I see real opportunities over time in winning the battle against pests. Freshwater is a big priority for Government and I think that is an area that deserves more focus. I was really delighted at the announcement of the Kermadec Sanctuary and I am hoping that will be the start of a greater focus on marine conservation issues.
I can see lots of opportunities for us to shape the way we work with iwi given our shared objectives of kaitiakitanga.
And finally there is tourism which is knocking on the door of being our biggest sector in the economy. The majority of people come from overseas to see the conservation estate. How do we manage the impact on the environment of the huge increase in tourist numbers? What’s our role to support the tourism industry?
On a personal note…
What do you like to do outside of work?
We have four children who are almost off our hands – but they’re in boomerang phase so they are always coming and going.
I’m a keen mountain biker. I’ve had a bit of involvement with the Pollhil Reserve in Brooklyn, developing the tracks and trapping there. That’s an awesome asset to Wellington. I’m really pleased we’ve got 150 traps in the reserve. I have caught two weasels and I can now set a DOC-200 trap without losing my fingers.
As a family we like getting outdoors – I’ve done eight of the Great Walks, some of them more than once. My wife and I and friends are doing Lake Waikaremoana at Christmas time and the Heaphy in April next year. In January this year I climbed Mt Kilimanjaro.
I’m also in a Masters Soccer team, a member of the Miramar Golf Club and play bridge. I’ve been obsessed with rugby all my life.
What’s the best piece of advice you’ve ever been given?
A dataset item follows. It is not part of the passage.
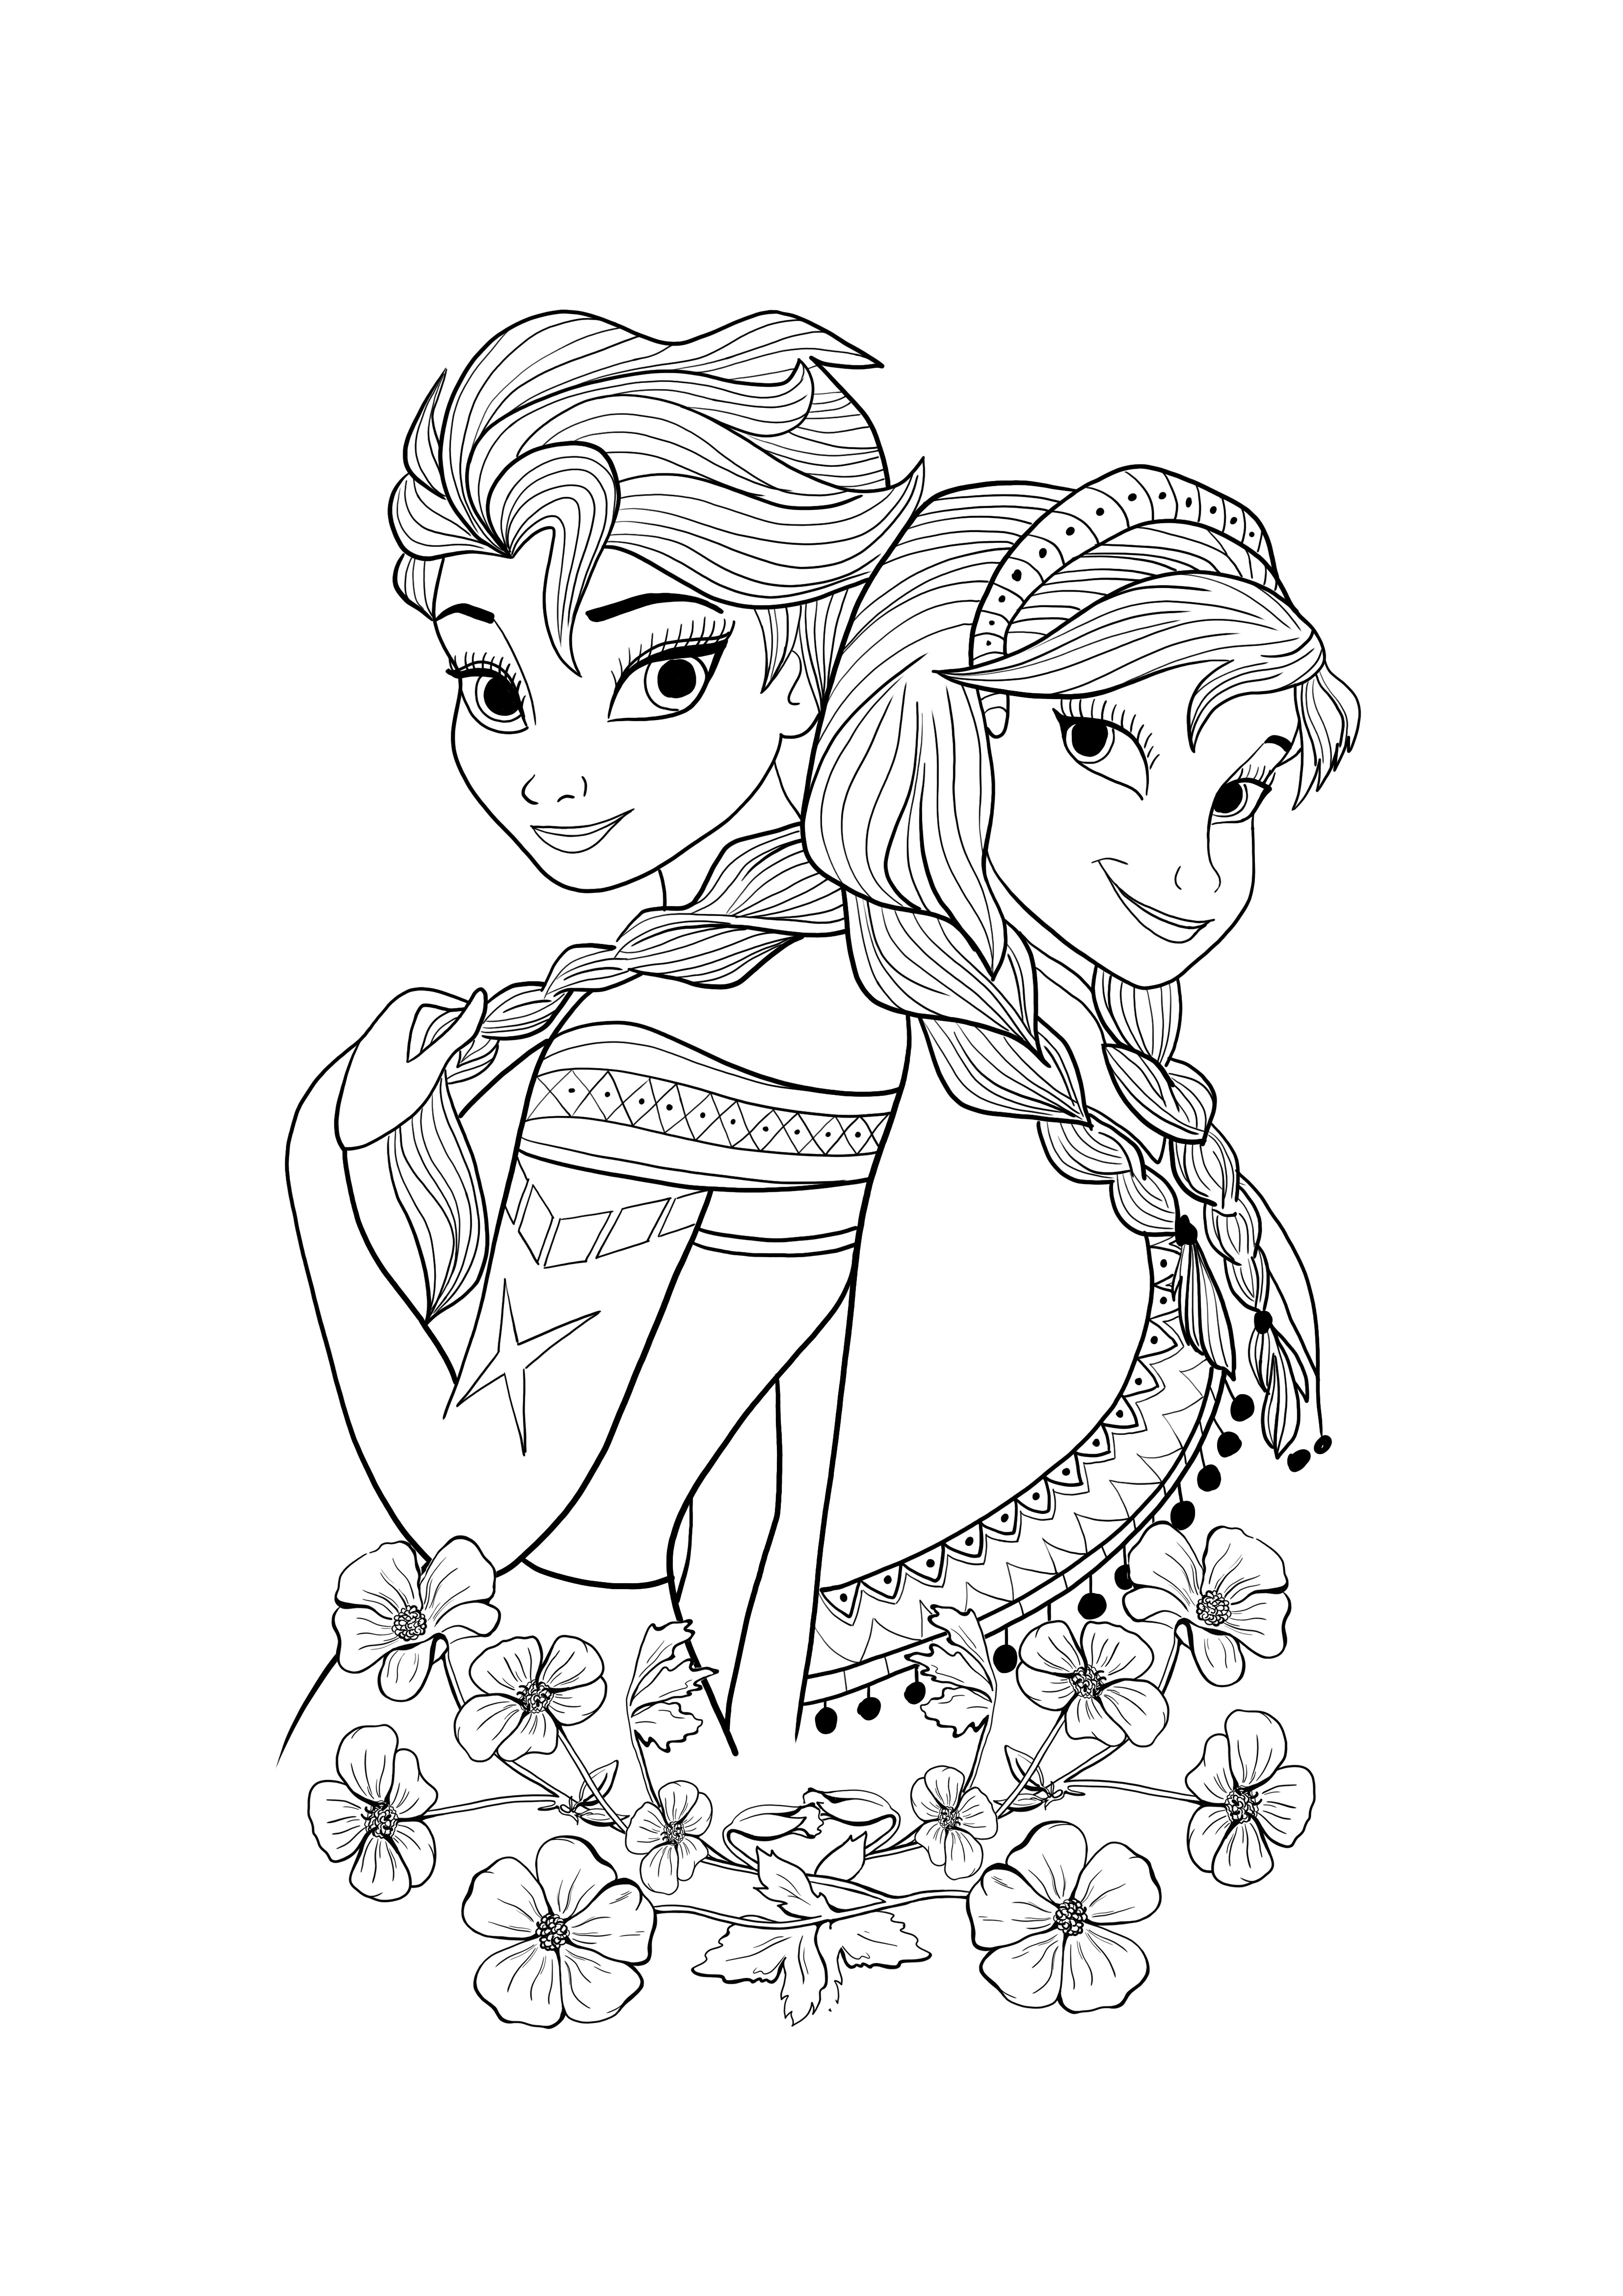 Elsa ja Ana ladata ja värittää ilmaiseksi

One of my mentors is Roderick Deane, who was my first Chief Executive. He told me there’s only three or four things every year in your working life that really count. There’ll be a whole lot of things you have to do competently, but there’s only three or four things that will really make a difference. The trick is not only to do those three or four things really well, but to understand what they are.
Which person living or dead would you most like to have around to dinner?
Charles Dickens – he’s my favourite author, he’d be incredibly interesting and entertaining and he’s got more energy than our Director-General Lou Sanson.
How did you get your fifteen minutes of fame?
I’m mad keen on Lord of the Rings so I queued up to be an extra, and was tall enough to become a scale extra. That’s where you act in a scene standing next to one of hobbits or dwarves to make them look short.
I got to do seven or eight scenes in the Hobbit and Lord of the Rings, working on three out of the six movies. I’ve been in scenes with the four hobbits, and all the dwarves and Bilbo. One of my scenes was literally the first day of shooting on the very first movie. While I was getting make up on I sat next to Elijah Wood, who was getting his hobbit ears and hairy feet put on. Because the movies hadn’t come out I had no idea he was famous. He was a very friendly hobbit to talk to.
You can spot me in The Fellowship of the Ring in the village of Bree scene, when Peter Jackson does his cameo in the film.